Read a single Parquet file from any filesystem.

Internal function that handles reading individual Parquet files and optionally adds the source filepath as a column.

Parameter	Type	Description
`self`	`AbstractFileSystem`	Filesystem instance to use for reading
`path`	`str`	Path to Parquet file
`include_file_path`	`bool`	Add source filepath as a column
`opt_dtypes`	`bool`	Optimize DataFrame dtypes
`**kwargs`	`Any`	Additional arguments passed to `pq.read_table()`

Returns	Type	Description
`pa.Table`	`pa.Table`	PyArrow Table containing Parquet data

Example:

from fsspec.implementations.local import LocalFileSystem

fs = LocalFileSystem()
# This example assumes _read_parquet_file is an internal method or needs to be called differently.
# For public use, you would typically use fs.read_parquet().
# table = fs.read_parquet_file(
#     "data.parquet",
#     include_file_path=True,
#     use_threads=True
# )
# print("file_path" in table.column_names)
# True

`read_parquet()`¶

Read Parquet data with advanced features and optimizations.
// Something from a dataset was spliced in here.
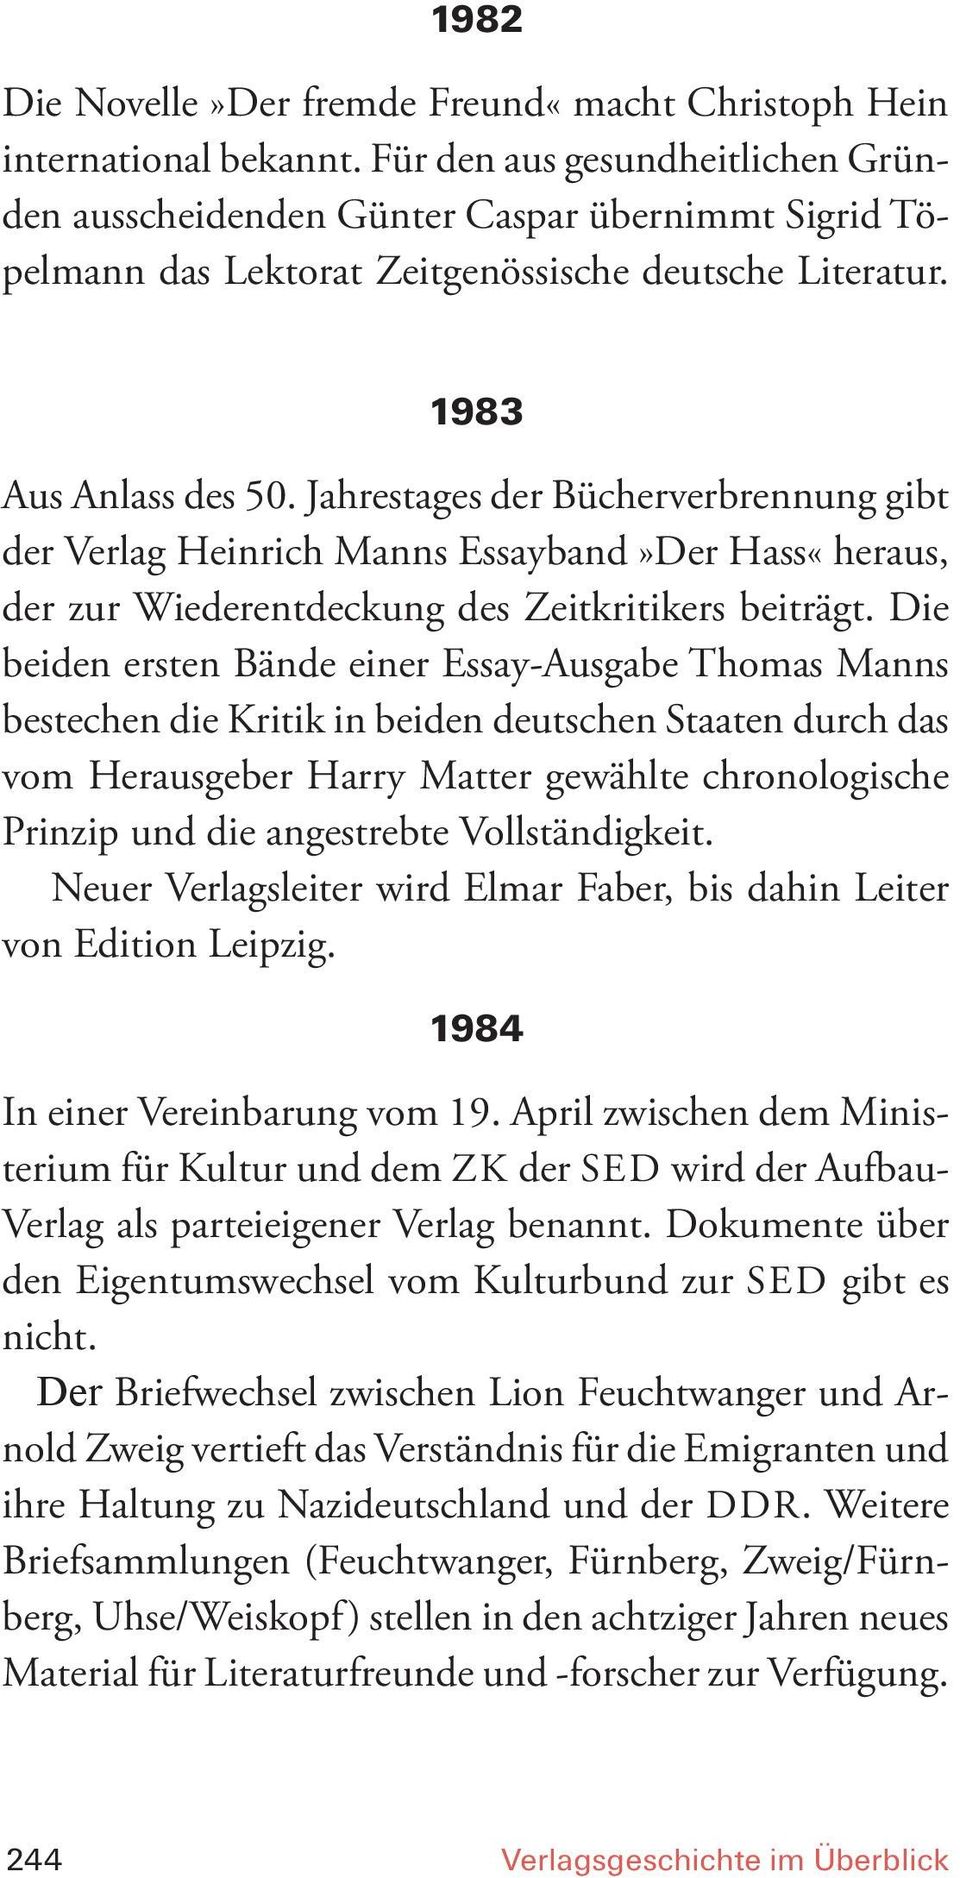 Jahrestages der Bücherverbrennung gibt der Verlag Heinrich Manns Essayband»Der Hass«heraus, der zur Wiederentdeckung des Zeitkritikers beiträgt.
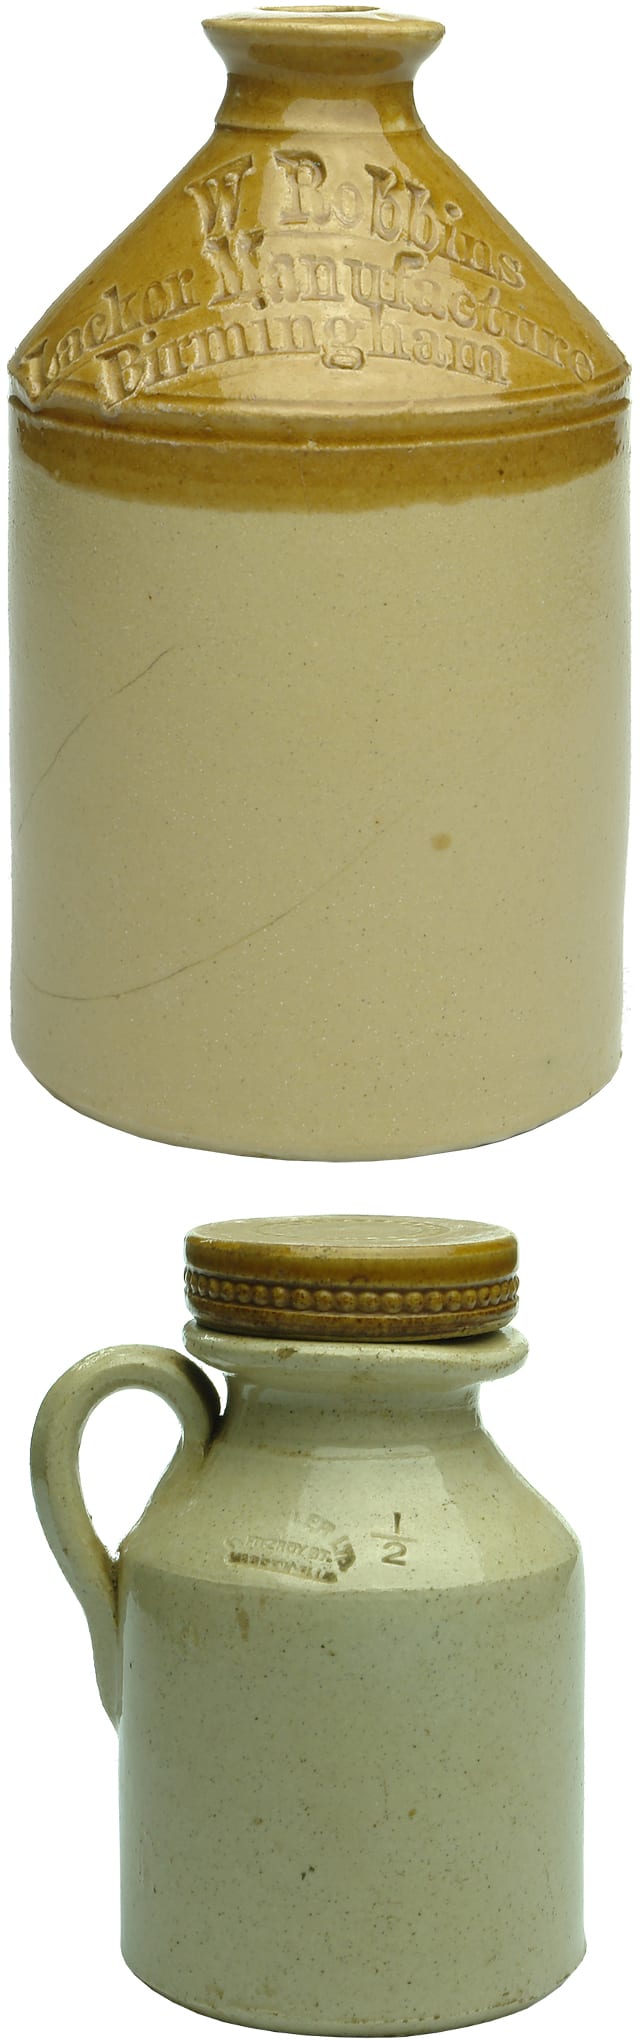 Small Stoneware Demijohns

Provides a high-performance interface for reading Parquet files with support for:

Single file or multiple files
Batch processing for large datasets
Parallel processing
File path tracking
Automatic concatenation
PyArrow Table output

The function automatically uses optimal reading strategies:

Direct dataset reading for simple cases
Parallel processing for multiple files
Batched reading for memory efficiency

Parameter	Type	Description
`path`	`str` or `list[str]`	Path(s) to Parquet file(s). Can be: - Single path string (globs supported) - List of path strings - Directory containing _metadata file
`batch_size`	`int \| None`	If set, enables batch reading with this many files per batch
`include_file_path`	`bool`	Add source filepath as a column
`concat`	`bool`	Combine multiple files/batches into single Table
`use_threads`	`bool`	Enable parallel file reading
`verbose`	`bool`	Print progress information
`opt_dtypes`	`bool`	Optimize Table dtypes for performance
`**kwargs`	`Any`	Additional arguments passed to `pq.read_table()`

Returns	Type	Description
`pa.Table` or `list[pa.Table]` or `Generator`	Various types depending on arguments: - `pa.Table`: Single or concatenated Table - `list[pa.Table]`: List of Tables (if `concat=False`) - `Generator`: If `batch_size` set, yields batches of above types

Example:

from fsspec.implementations.local import LocalFileSystem

fs = LocalFileSystem()
# Read all Parquet files in directory
table = fs.read_parquet(
    "data/*.parquet",
    include_file_path=True
)
print(table.column_names)
# ['file_path', 'col1', 'col2', ...]

# Batch process large dataset
for batch in fs.read_parquet(
    "data/*.parquet",
    batch_size=100,
    use_threads=True
):
    print(f"Processing {batch.num_rows} rows")

# Read from directory with metadata
table = fs.read_parquet(
    "data/",  # Contains _metadata
    use_threads=True
)
print(f"Total rows: {table.num_rows}")

`read_files()`¶

Universal interface for reading data files of any supported format.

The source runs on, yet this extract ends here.